As the country gears up for a federal election, a diffuse but powerful sense of discontent has settled over middle Australia. For several years now, millions of lower- and middle-income Australians have confronted a gritty, precarious labour market. It’s a painful change from the heady 2000s, when jobs were plentiful and wage gains reliable.

Indeed, the unprecedented stagnation of wages since the investment boom peaked in 2012 is the most potent indicator of the sea change in fortunes for Australia’s battlers. Real wages have not grown at all since then – and for those in insecure jobs (including part-timers, casuals, and nominally self-employed gig workers) – incomes have declined. It’s been the worst five-year period for labour incomes since the Great Depression. And it’s the crucial ingredient in a simmering, volatile brew that will decide the outcome of the next election.

The potent politics of working-class disaffection were demonstrated by Donald Trump’s election and the Brexit vote in the U.K. And strategists of all political stripes are now casting wary eyes on how that latent frustration will be expressed here.

From the left, it’s fuelling the most ambitious wave of grass-roots activism since the protests that ushered John Howard from office in 2007. Last week’s mega-rally in Melbourne to ‘Change the Rules’ is a taste of what’s ahead, as unions and Labor both work to channel simmering anger among working class households.

But conservatives also see potential, and danger, in this mainstream disaffection. In fact, this was the main motivation for a clear rhetorical shift in Treasurer Scott Morrison’s 2018 federal budget delivered last week. Morrison knows working Australians are losing faith in the supposed trickle-down benefits of business tax cuts, budget restraint and free trade agreements. So he opted for a more direct appeal: the centrepiece of his budget is a plan to deliver some monetary relief directly to lower- and middle-income workers.

The optics may be politically astute. But Morrison has a fundamental problem: there isn’t nearly enough real value in his tax measures to meaningfully repair the ongoing damage of stagnant wages and job insecurity.

Treasurer Scott Morrison, delivering the 2018-19 budget on May 8, 2018.

Consider a worker earning $60,000 per year. That’s a modest wage, but it’s still higher than both median employment earnings and median taxpayer income. Morrison’s tax plan will lift their annual disposable income by a maximum of $530 – once. It’s thus equivalent to a one-time 0.9 per cent ‘raise’.

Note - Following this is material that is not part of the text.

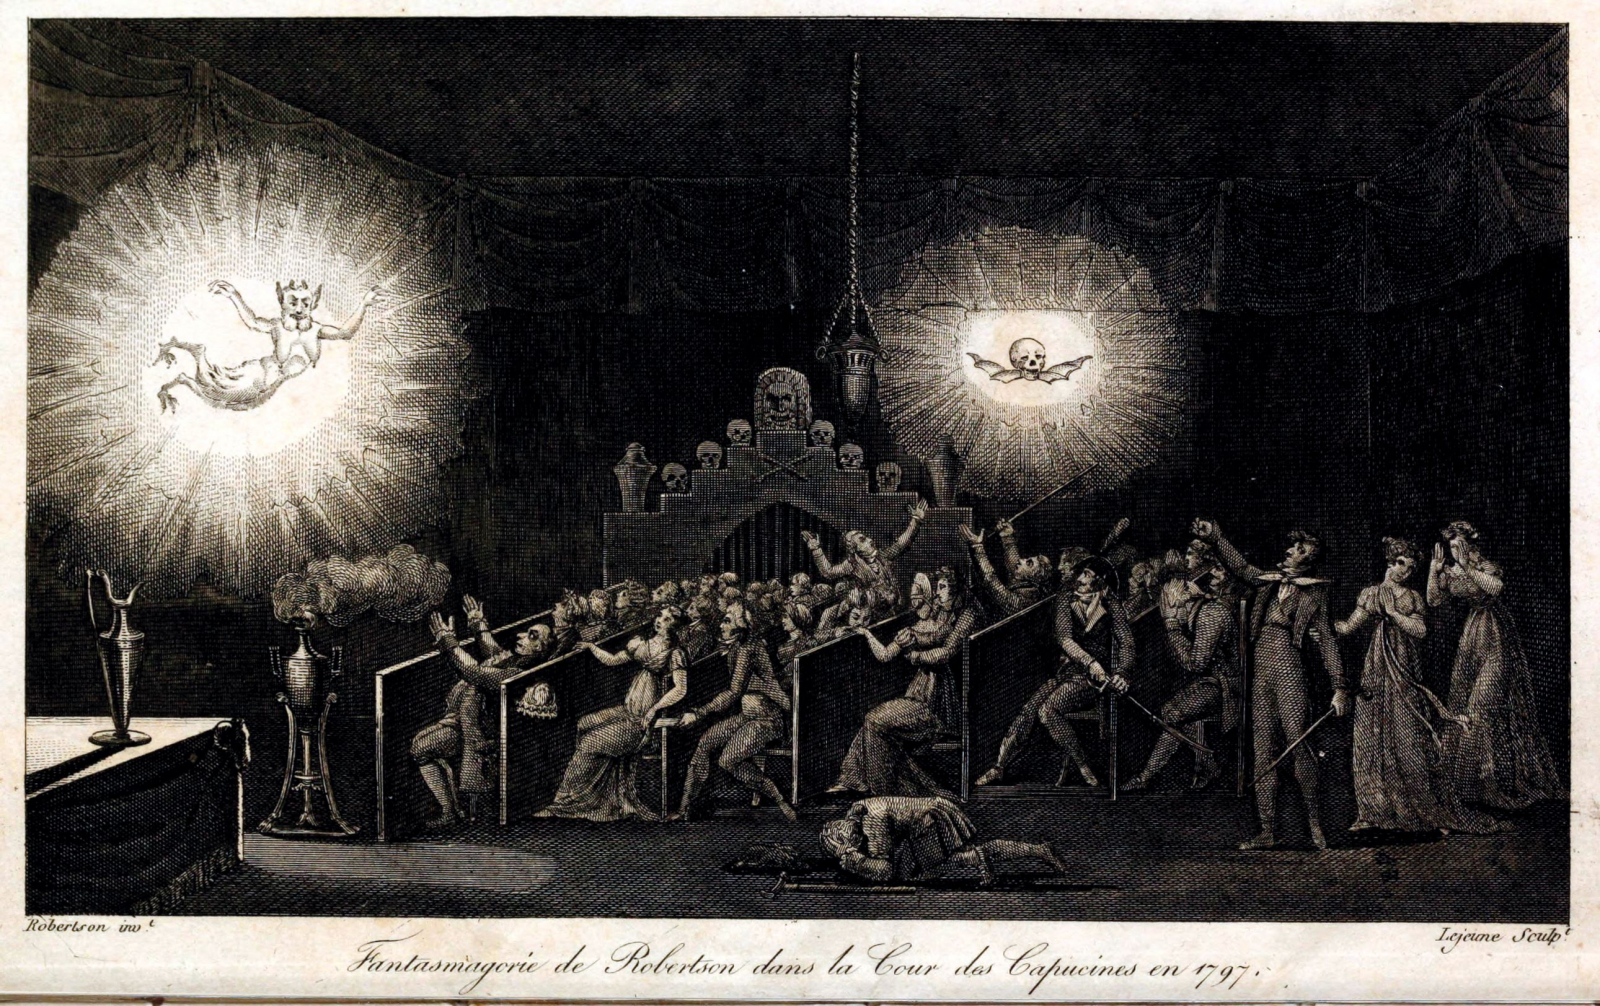 Графіка з книги «Mémoires récréatifs, scientifiques et anecdotiques du physicien-aéronaute» E.Г. Робертсон, Париж 1831. Показує виставу-фантасмагорію відомого ілюзіоніста Етьєна-Гаспара Робертсона.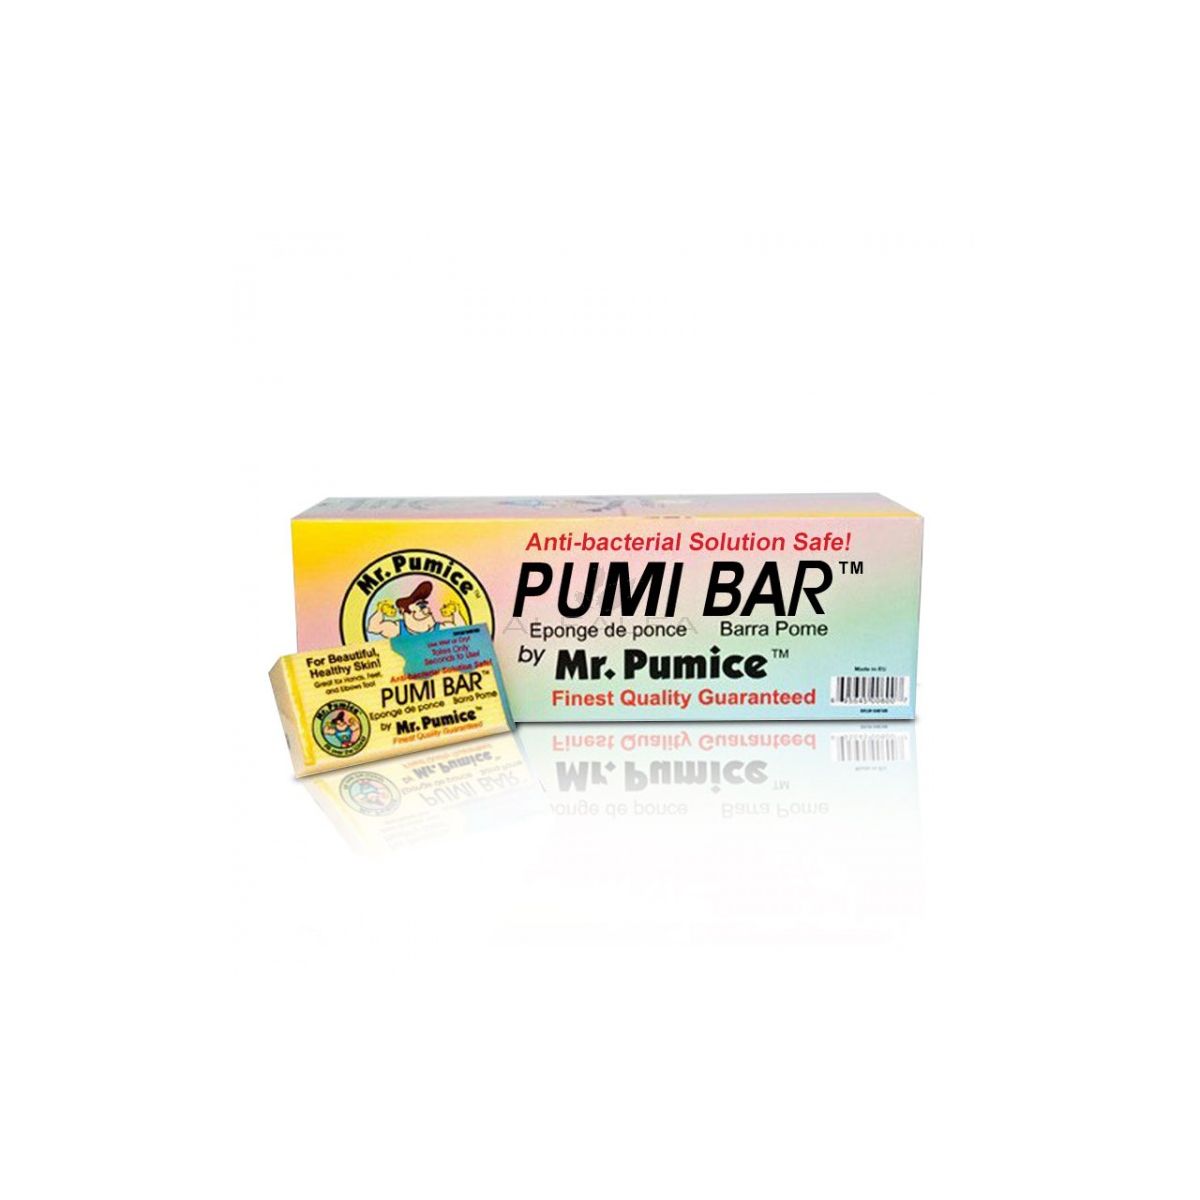 Mr. Pumice Pumi Bar

The worker can’t get that 0.9 per cent raise every year, because taxes can’t be cut every year. Moreover, there is a quid pro quo: since taxes pay for the public services consumed by that worker and their family, it is reasonable to expect they will have to ultimately forego some services in return for a bit of up-front cash.

Indeed, the role of public goods and services (or the “social wage”) in the standard of living of Australians cannot be ignored in any discussion of taxes and incomes. Public services make up one-quarter of all goods and services consumed by Australians: private consumption currently totals slightly over $1 trillion per year, while public consumption adds another $330 billion. And since public consumption is distributed more equally than private consumption (which is naturally concentrated among the high-income households with most spending power), it’s even more important to the material living standards of low- and middle-income Australians. Therefore, tax cuts do not actually make individuals “richer”, so much as they transfer some consumption from collective to private forms.

At any rate, even accepting it at face value, Morrison’s one-time 0.9 per cent ‘raise’ cannot offset the escalating damage of frozen wages: basic maths make it impossible. Wages are currently growing at about two per cent per year, identical to price inflation (and hence delivering a real wage freeze).

Traditionally, Australian wages grew about twice as fast: between 3.5 and 4 per cent per year, equalling the combination of trend inflation (around the RBA’s 2.5 per cent target) plus ongoing labour productivity growth (1 per cent or more). So wages have been lagging 1.5 to 2 percentage points behind normal – year after year. Morrison’s ‘raise’ will offset half that gap, for just one year.

But it gets worse. If your income was so low that you didn’t pay income tax, you get nothing (since Morrison’s benefit is non-refundable). And the benefit is paid in one lump sum at the end of the year, so it won’t really assist weekly family budgeting.

Compare that short-term, mostly symbolic salve to how workers’ disposable incomes would be boosted by a return to normal wage increases. Over the four-year timeframe of the budget projection, cumulating 3.5 per cent wage increases would boost a $60,000 worker’s disposable income (net of incremental taxes) by almost $6000. That’s 11 times more than Morrison’s tax tweak. And that value escalates year after year, since (unlike tax cuts) annual wage increases compound over time.

So the government’s hope that its tax measures will dampen the flames of working class discontent will likely be disappointed. Even more challenging for the Coalition is the fact that the truly big tax savings (90 per cent of the planned total $140 billion) won’t come until after 2022 – at least two elections from now. And at that point, the serious money flows to high-income households who would be the main beneficiaries of Morrison’s surprising decision to abolish the 37 per cent tax bracket and move toward a flat tax system.

The coming election will be won by the party offering the most convincing vision for restoring the living standards of millions of working Australians. The Coalition’s tax plan won’t be nearly enough to do that.

Jim Stanford is an economist and Director of the Centre for Future Work at the Australia Institute, and author of ‘Economics for Everyone’ (in its second edition, published by Pluto Books in the U.K.)